The principle of the safe margin applies in all sports. Strength and conditioning coach Jason Ferruggia:

Over the years I have noticed in my training of hundreds of athletes that you will progress a lot faster on your chin ups if you do not come anywhere near failure when doing your sets. So if your max is eight reps, you should stop at six on each set. Keep that in mind from now on when doing your chins. [Italics mind.]

Good training is expansive. That is, it gives the body the work – and rest – it needs to get better. Years ago, I asked the coach of one of the country’s largest running clubs for his advice. I told him I was taking the day off after my (very) hard speed workouts. He said, “No – you won’t be tired enough.”

I reject that reasoning. Some tiredness is good, naturally. But as a matter of policy, I’d rather let recovery decide my training. If I’m too tired at the start of a workout, then I know I haven’t fully recovered.
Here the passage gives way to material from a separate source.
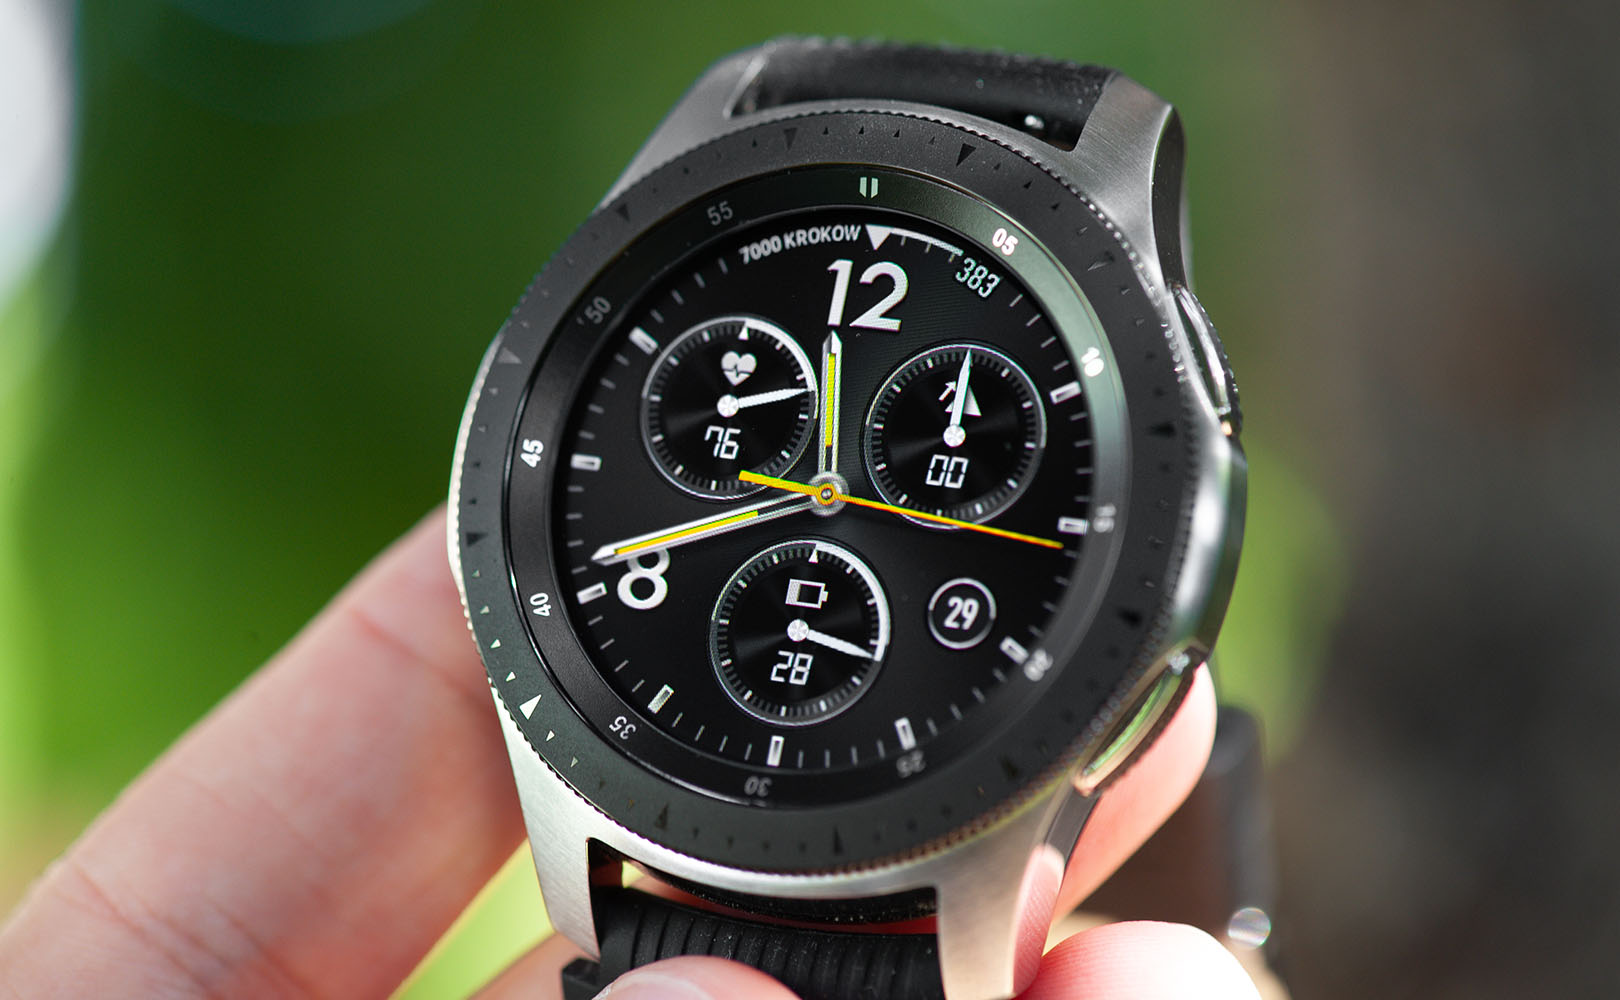 Galaxy watch 46mm. Samsung Galaxy watch r800. Galaxy watch r800. Часы Samsung Galaxy watch r800. Galaxy watch 46 mm Case 2022.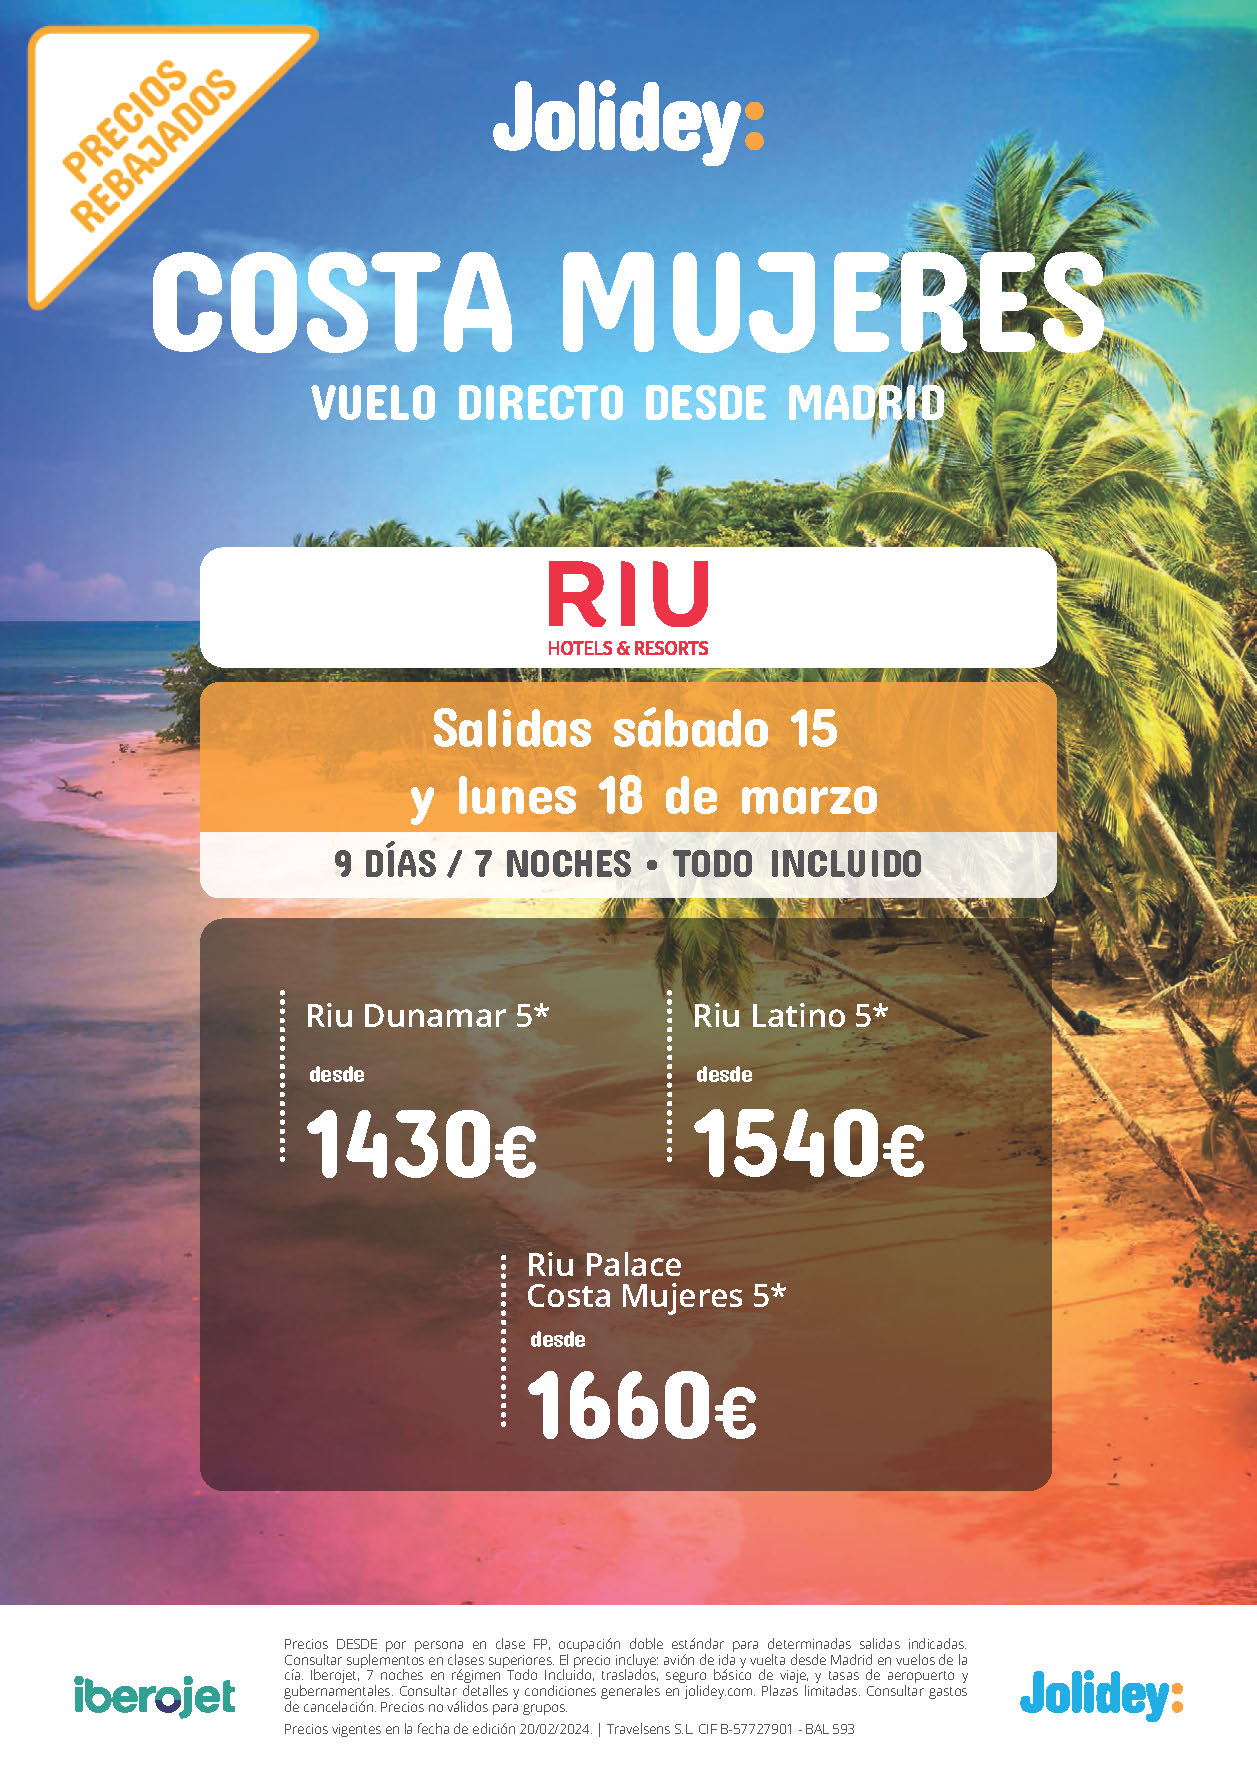 Oferta Jolidey Estancia en Costa Mujeres Mexico 9 dias Hotel Riu 5 estrellas Todo Incluido salidas Marzo 2024 en vuelo directo desde Madrid

And what’s the point of continually digging into my body’s supply of recovery energy?

I trained for years that way, with little success. I slogged along at 40 miles per week, doing too many long runs, too often, without improving my speed and endurance in marathons and ultras. The problem was, I was never fully recovered – I was in fact always a little bit overtrained.

It was only when I began focusing on recovery, making sure I was completely rested, that I was able to have regular full-forward, exuberant, enjoyable, hard-working runs, while improving.

If we never truly recover, we end up having lots of “half-hard” runs. But we never have those deeply enjoyable runs that truly expand our fitness – where we’re able to go hard, while running well within the safe margin.